Yuri mendongakkan kepalanya, “Apa terlalu cepat bagiku untuk menjawab bahwa aku juga mencintaimu?”

“Tidak. Bahkan aku akan sangat senang mendengarnya,”

Dan Yuri tersenyum manis, “Aku mencintaimu Taeyong~”

END

Dan apalah daya dakuh cuman bisa mengagumi mas Taeyong dalam diam.

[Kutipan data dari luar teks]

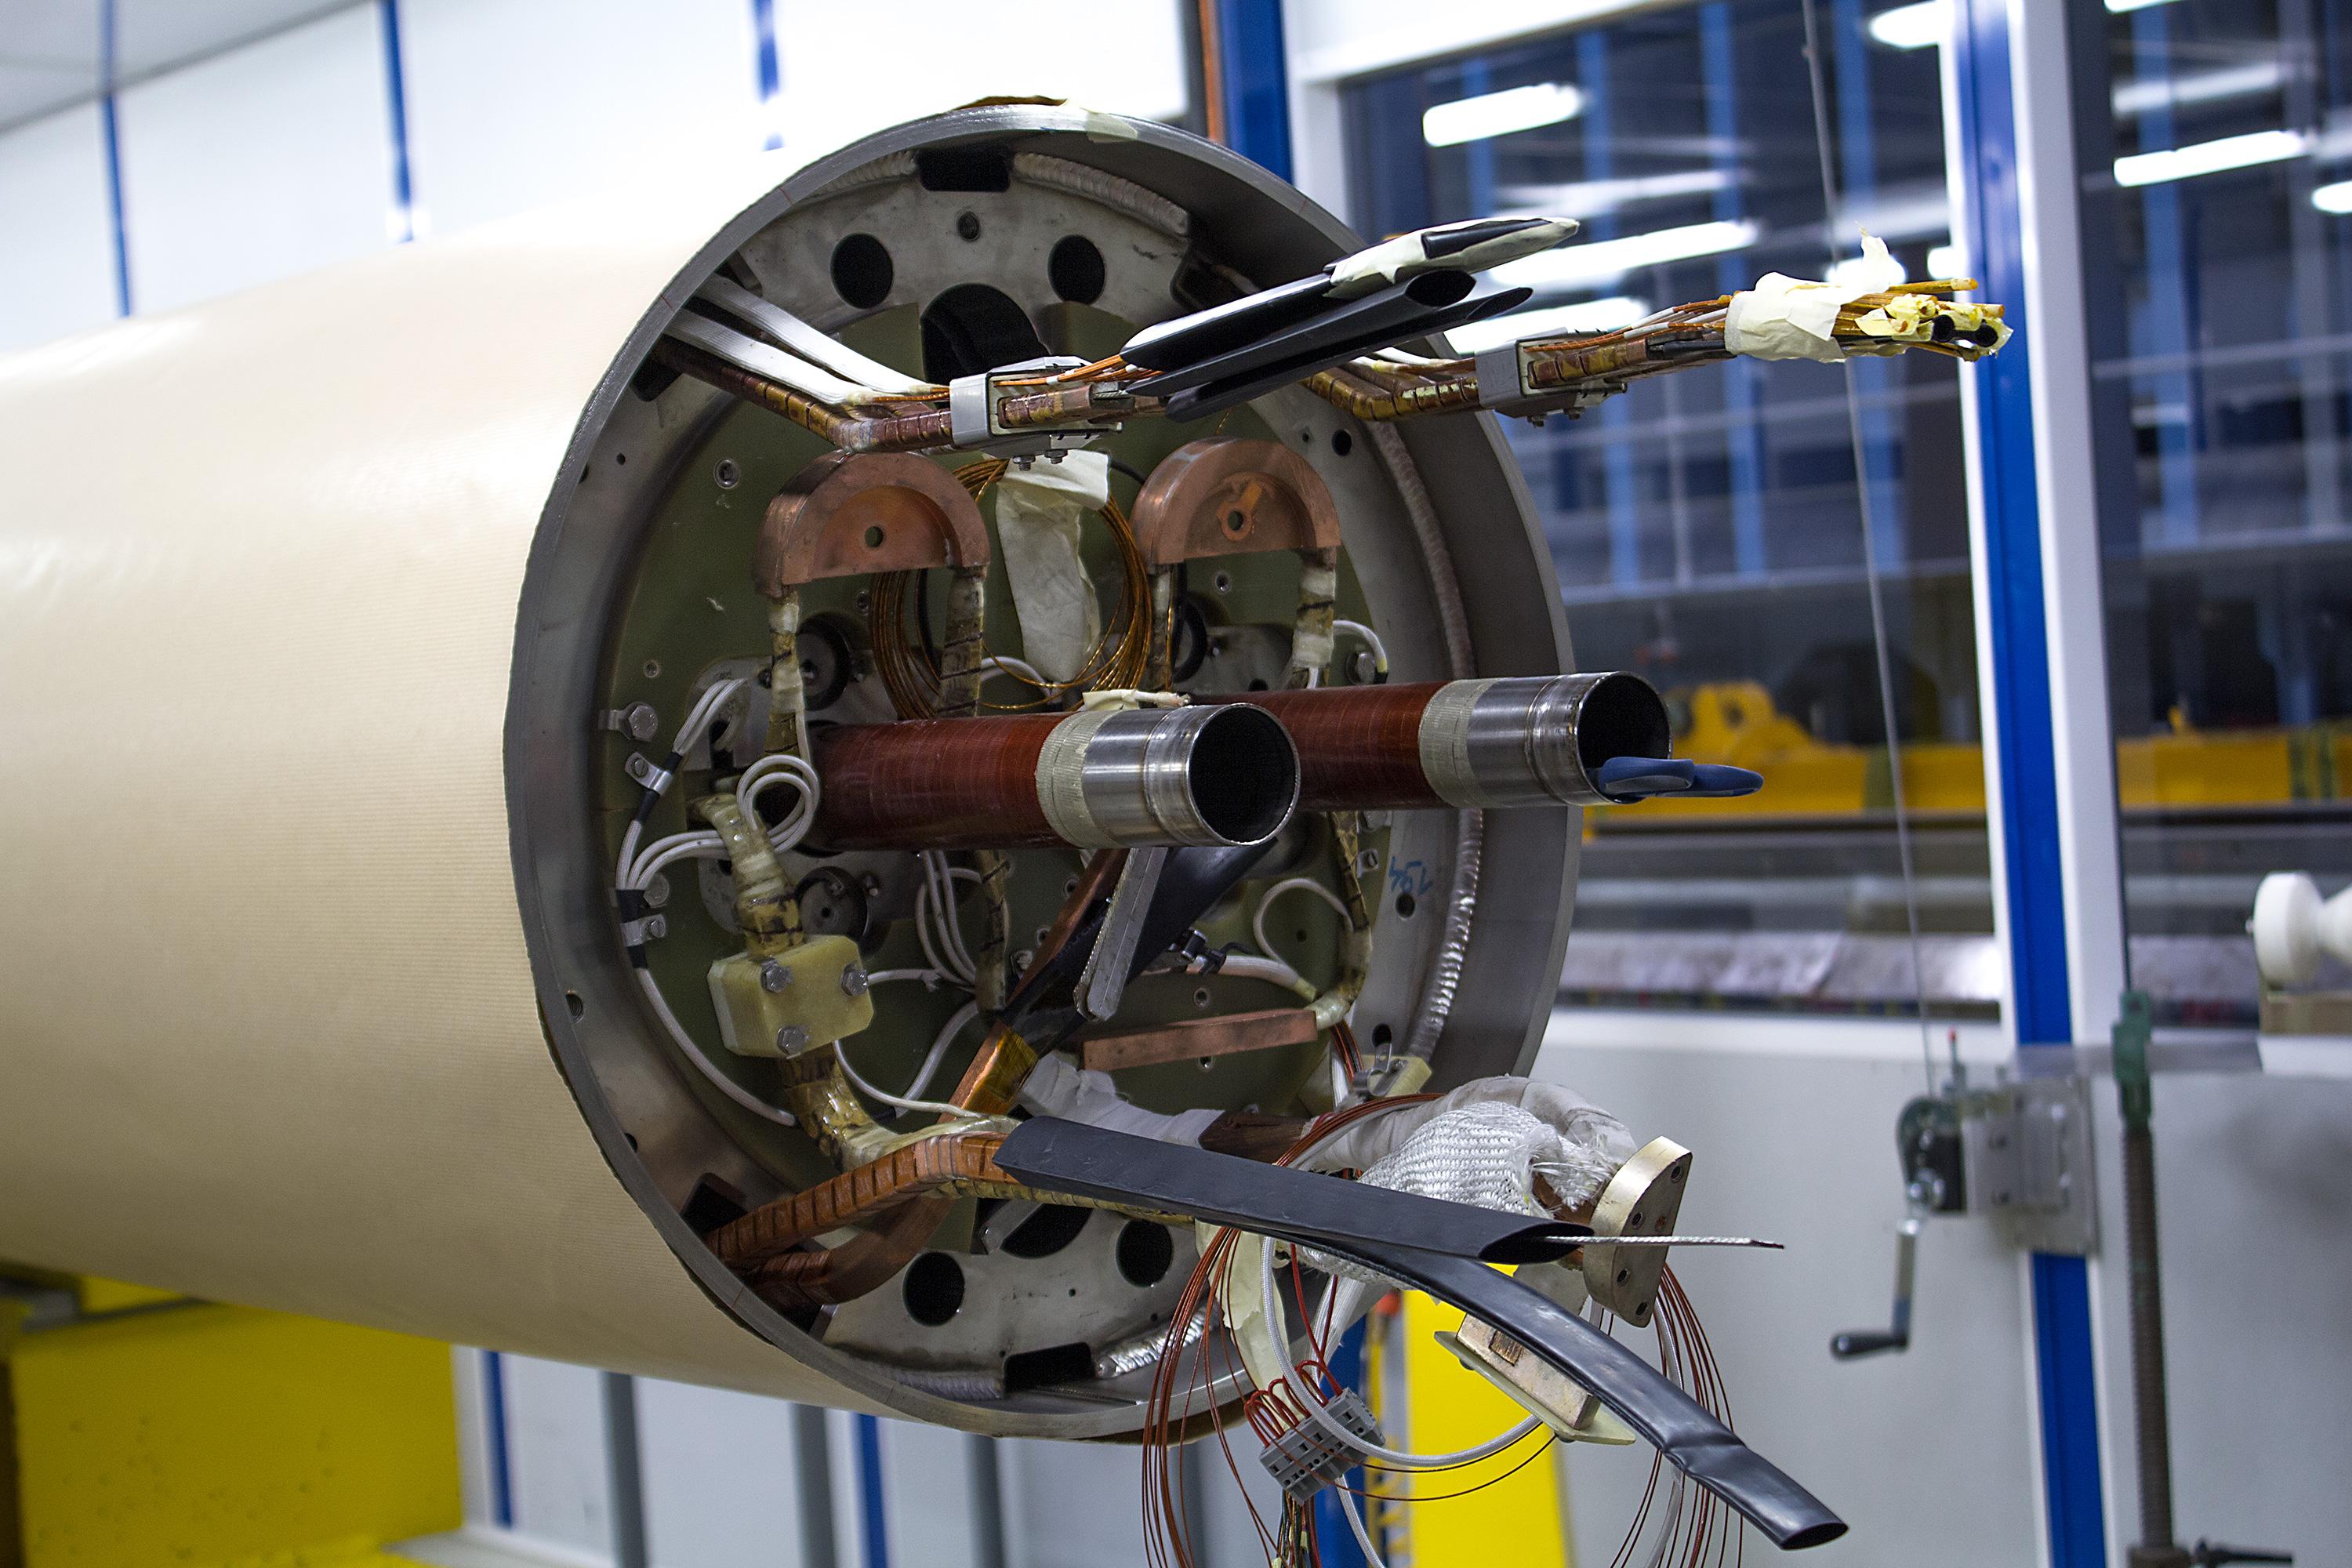 Med alle testene unnagjort, blir de midlertidlige pluggene fjernet. Hver magnet er 50 meter lang, og samlet sett skal rundt 1600 av dem skrus sammen i LHC-ringen, 100 – 150 meter under bakken. Det er trangt der nede, så mye av arbeidet med å klargjøre alle kablene og rørene som skal skjøtes, skjer over bakkenivå. Foto: Varg Aamo, Hardware.no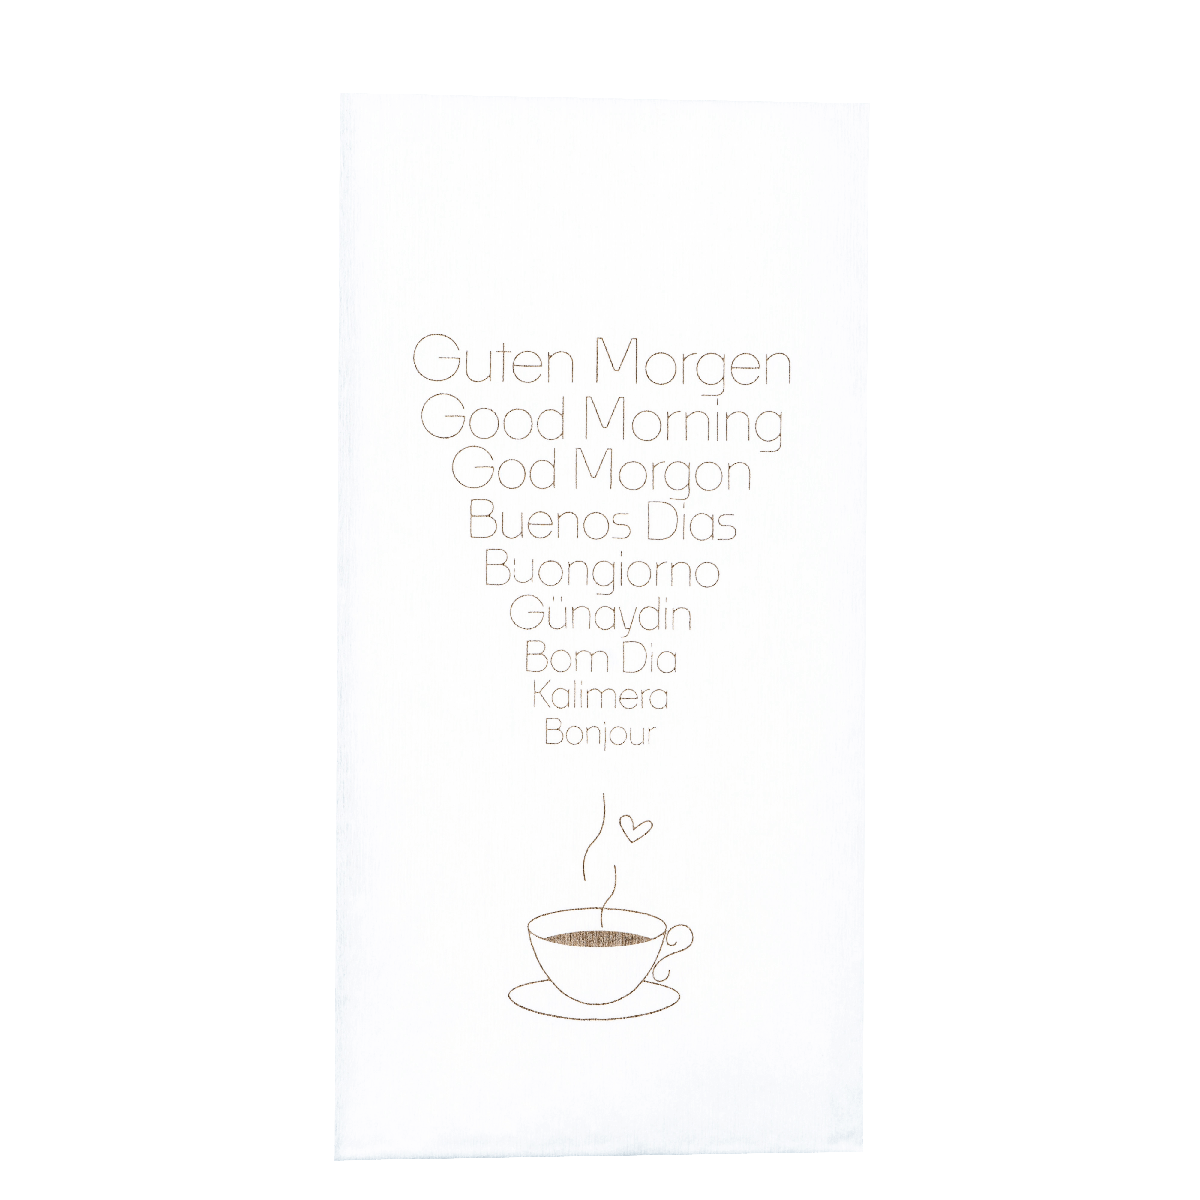 stoffähnliche Spunlace Serviette 30x40 cm , 1/6 Falz mit Motiv: "GUTEN MORGEN" in vielen Sprachen

Maafkan dakuh suka buat yang aneh, dan apaan endingnya nggak memuaskan banget.
Yah maklum lagi kena writer block pas nyelesein ff ini,
Semoga para YulTae shipper puas ya?

Bye~ ©Firda©

13 thoughts on “Insane (Oneshoot)

  1. Ihiwwww taeyong akhirnya dapetin yuri juga setelah sekian lama menunggu, berharap, dan mengagumi yuri secara diam-diam 😀 .. usaha taeyong gak sia-sia deh

    Yuri akhirnya dapet cinta yang baru dari taeyong .. dan bisa ngilangin perasaannya ke jimin uhuyy

    Jimin sadar ? #senyumsetan
    Kasian banget jimin .. udah sadar, abis itu nyatain perasaannya ke yuri, ehhh malah di tolak

    Liked by 1 person

  2. Woah akhirnya update juga ya.
    Taeyong sweet bangetya n akhirnya yul unnie menyadari persaannya.
    Ditunggu ff yg lain.fighting

    Like

  3. Bikin senyum” sendiri heheh
    Sukurin tuh si Jimin abis ga pernah sadar sih jadi Yuri nya pergi kan(?)
    Feel nya dapet deh thor 😂
    Disini Taeyong gentle deh gak kaya Jimin wk. Udah dapet Neulra malah mau dapetin Yuri, selama ini dia kemana(?)